# Aquarium Volume Calculator



## SinCrisis (Aug 7, 2008)

Aquarium Volume Calculator (W.C.S. Ltd.)

Stumbled on this link earlier, for anyone who was considering making their own aquarium and was wondering how much water they could get in it.


----------



## small fry (Oct 14, 2010)

Link saved to desktop.

Thanks SinCrisis! A very useful link!:-D


----------



## bearwithfish (Sep 29, 2009)

AqAdvisor - Intelligent Freshwater Tropical Fish Aquarium Stocking Calculator and Aquarium Tank/Filter Advisor

here is another good one Sin thought you may like this...


----------



## SinCrisis (Aug 7, 2008)

haha, i use that one all the time as well. I just hate that pop-up ad that they have... but otherwise a very excellent link.

AQadvisor is what i mainly use when i want to stock my tank, but i use the other link for figuring out how much actual volume i will have after glass thickness is taken into account.

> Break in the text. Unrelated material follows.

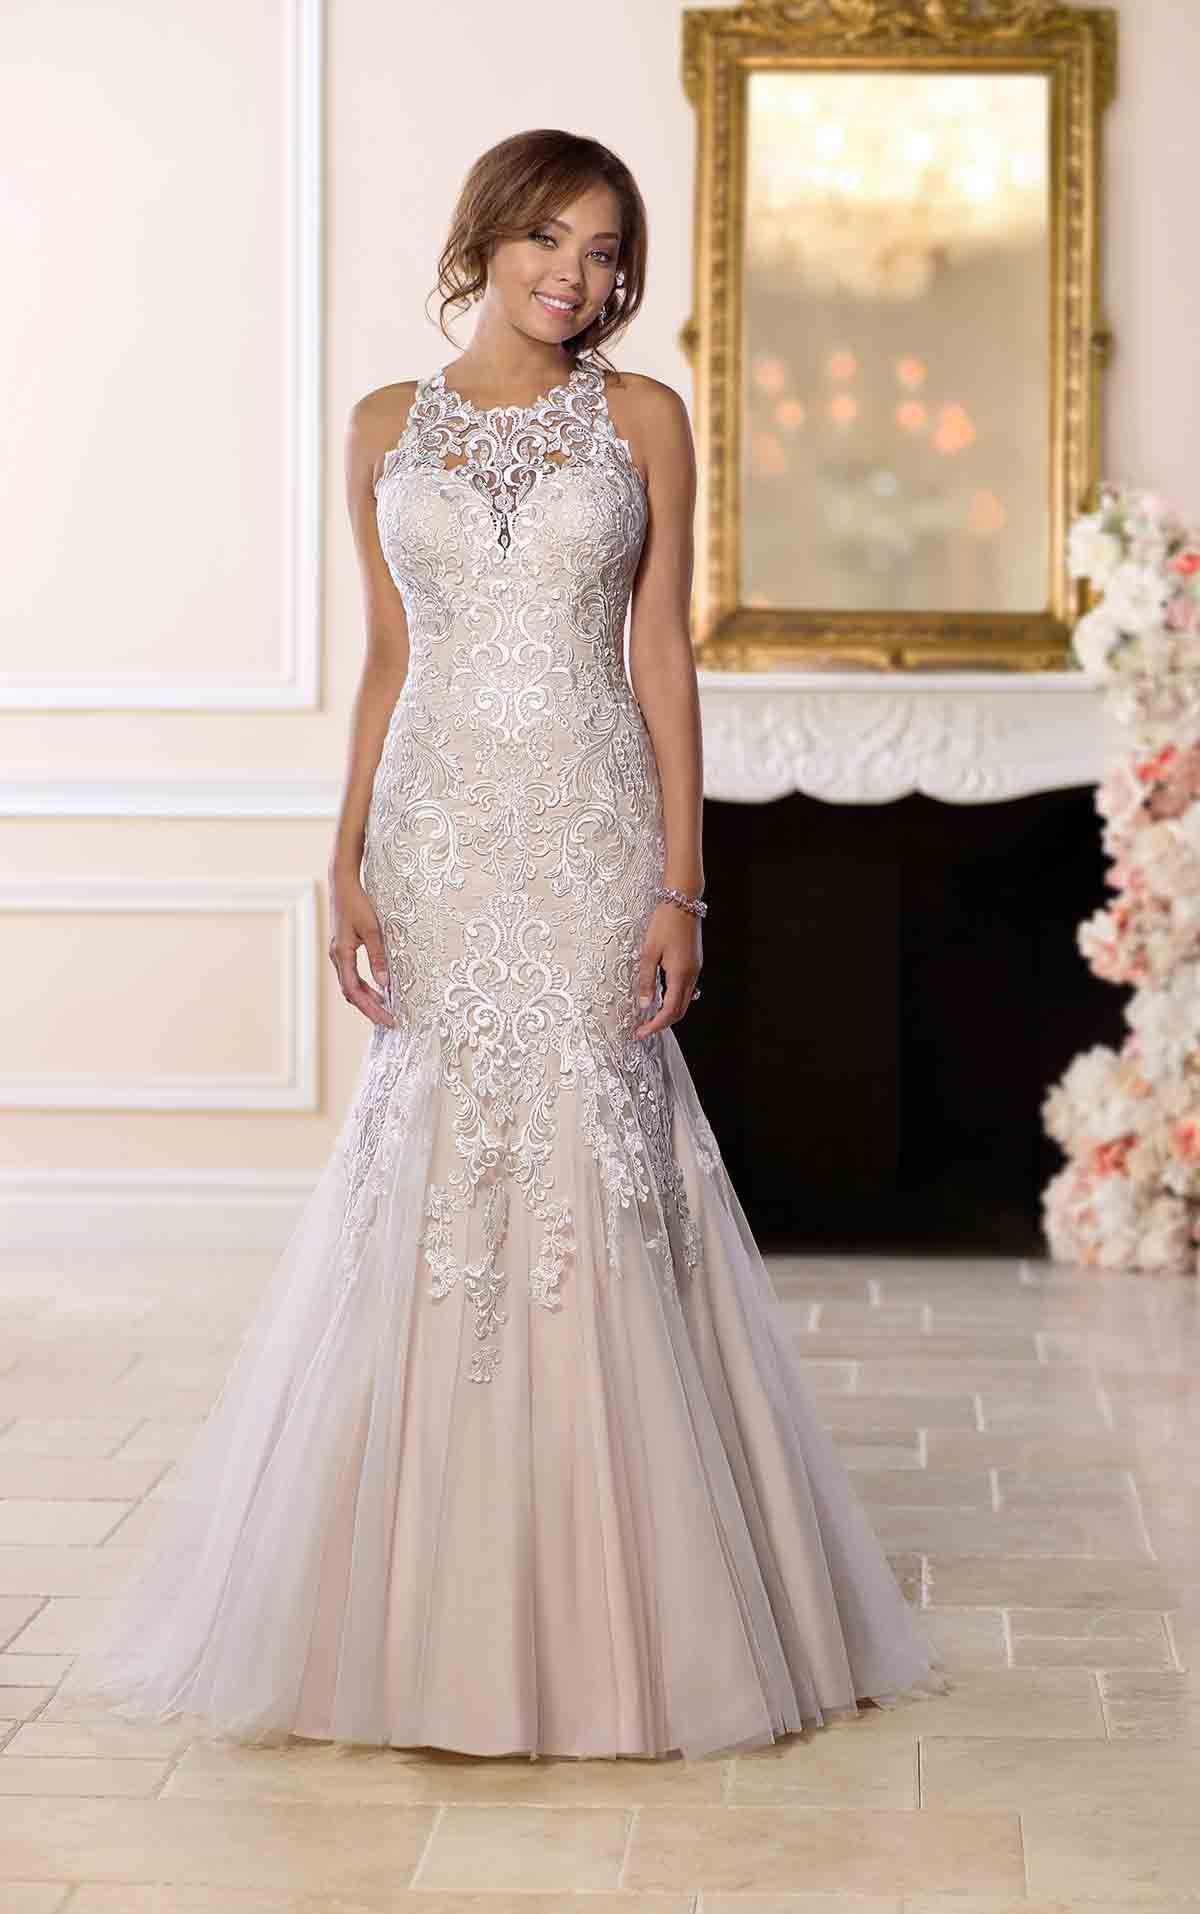 Mermaid Wedding Dress With Halter Neckline Stella York Wedding Dress York Wedding Dress Mermaid Dresses [ 1914 x 1200 Pixel ]

Its a little more exact for trying to figure out how much volume is left after application of glass sides for DIY projects that need to fit a shelf exactly, etc.

On another note, maybe not in the DIY section, but there should be a helpful links sticky somewhere with sites like this..


----------



## bearwithfish (Sep 29, 2009)

hmmm good idea.. i will report your post so that the other mods can look the idea over and see what we come up this.. thank you for the suggestion !!


----------